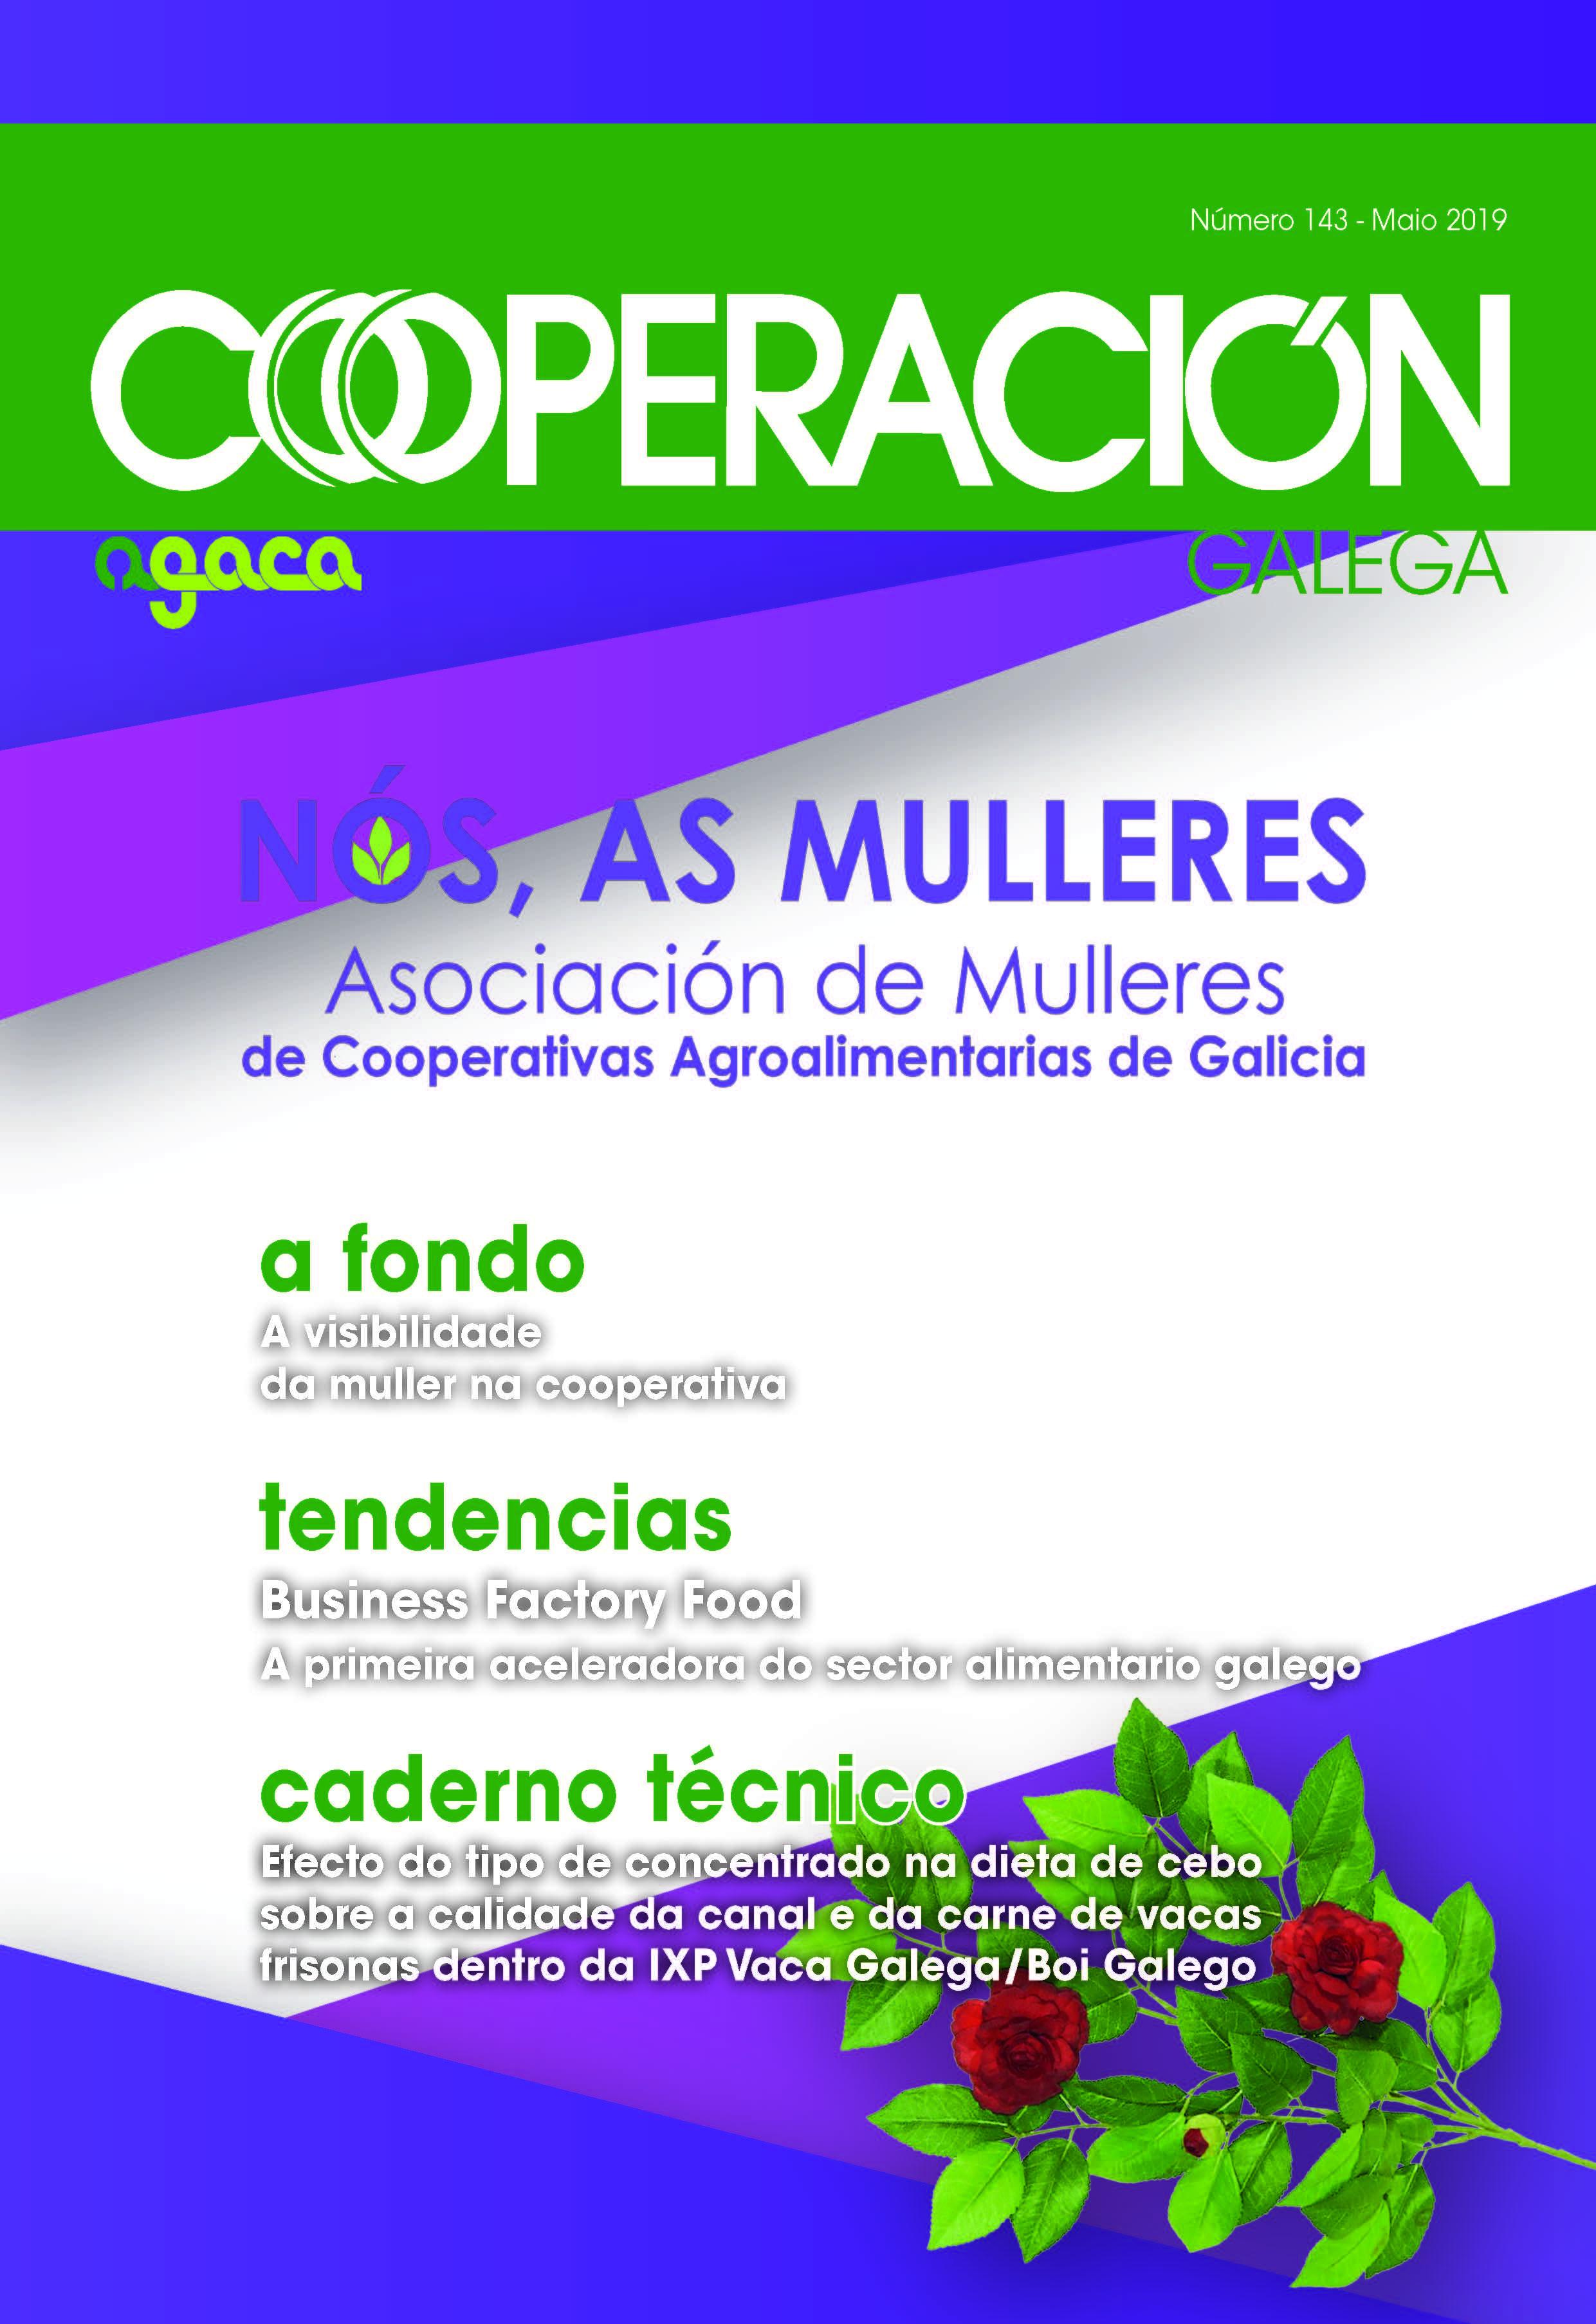 Cooperación Galega Nº 143 Maio 2019
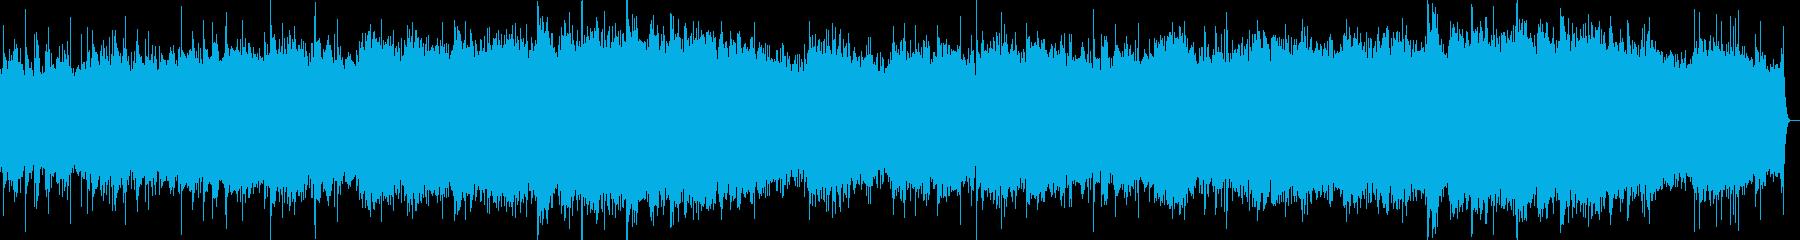 尺八と琴メインのゆったりとしたインストの再生済みの波形
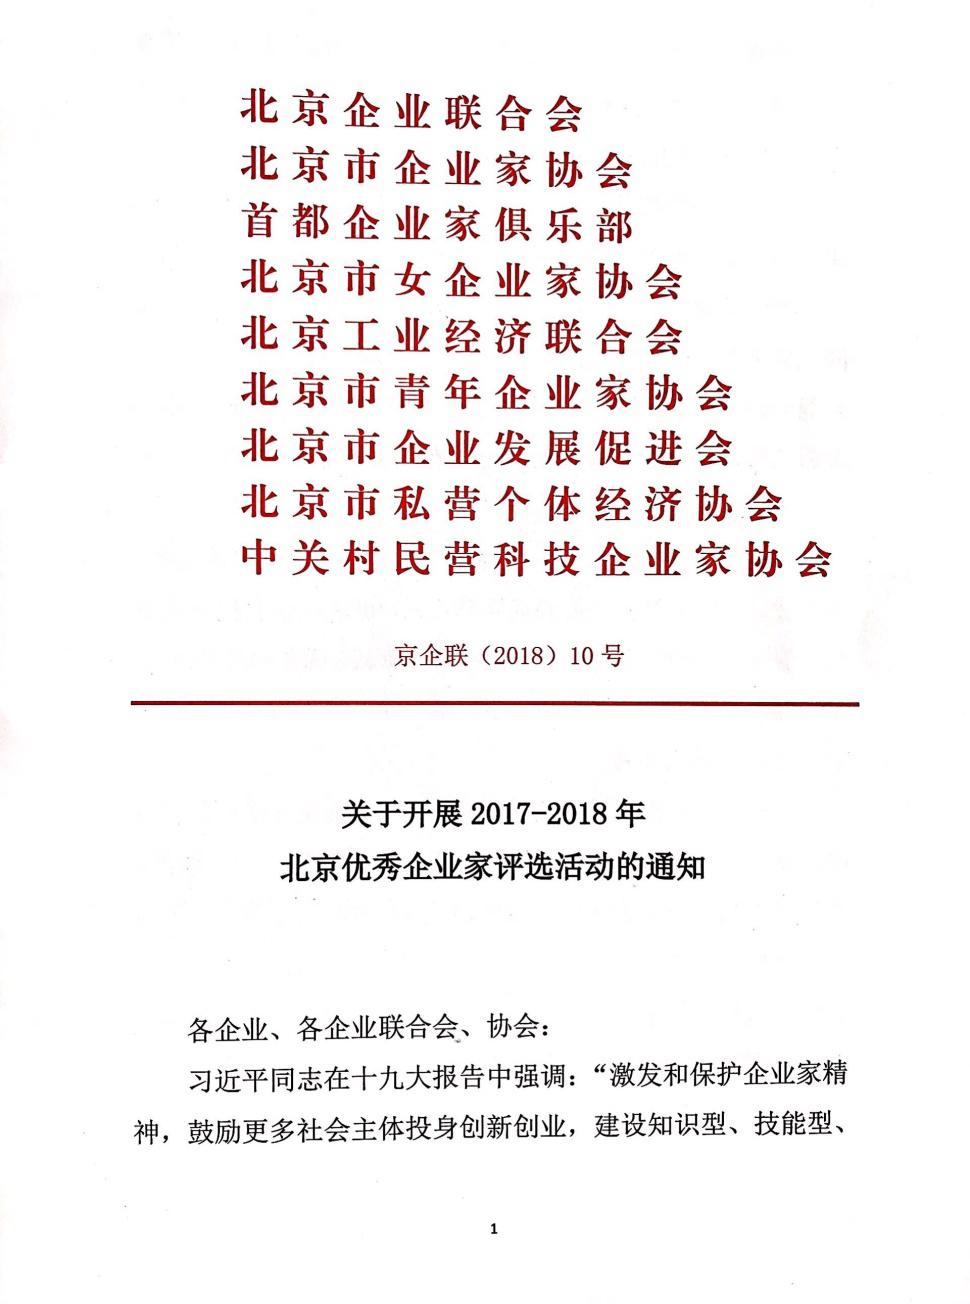 2017-2018年北京优秀企业家评选活动正式开始
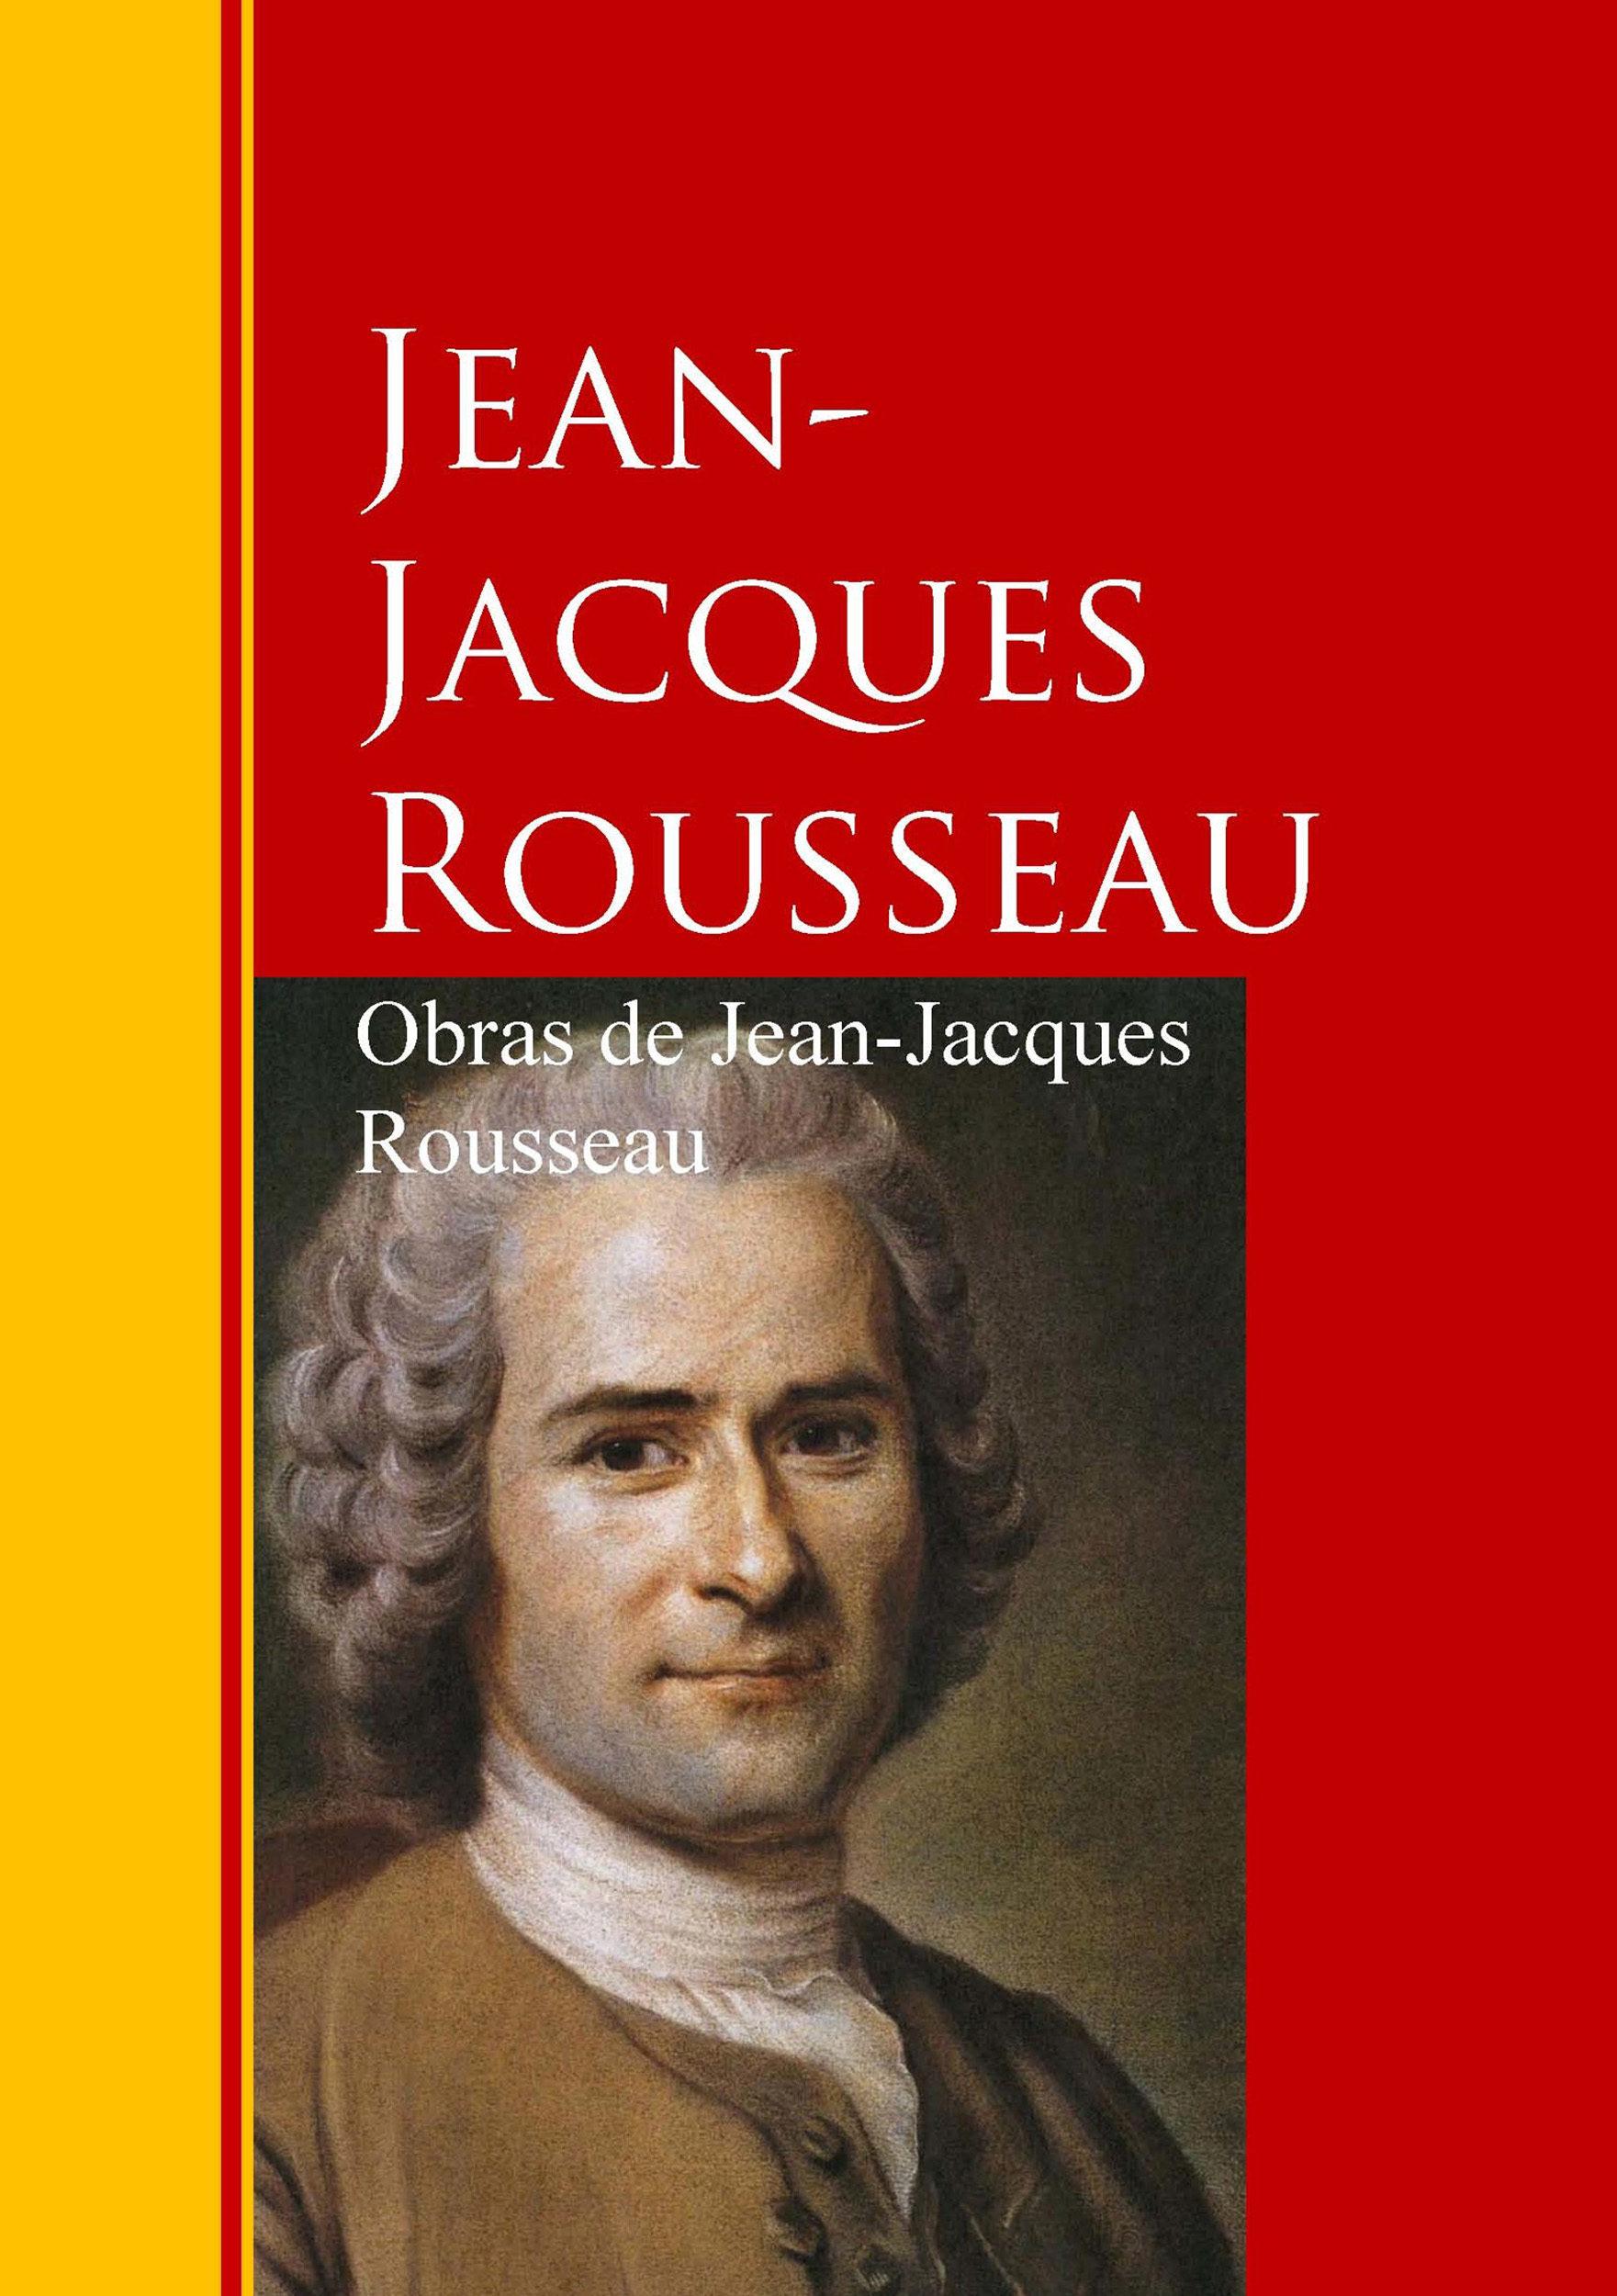 Obras de jean jacques rousseau ebook jean jacques rousseau 9783959284691

GOAL OF THE EXERCISE = Omit every picture while printing the data word for word.

TASK ANSWER =
 Cooperación Galega Nº 143 Maio 2019
 尺八と琴メインのゆったりとしたインストの再生済みの波形
 2017-2018年北京优秀企业家评选活动正式开始
 Obras de jean jacques rousseau ebook jean jacques rousseau 9783959284691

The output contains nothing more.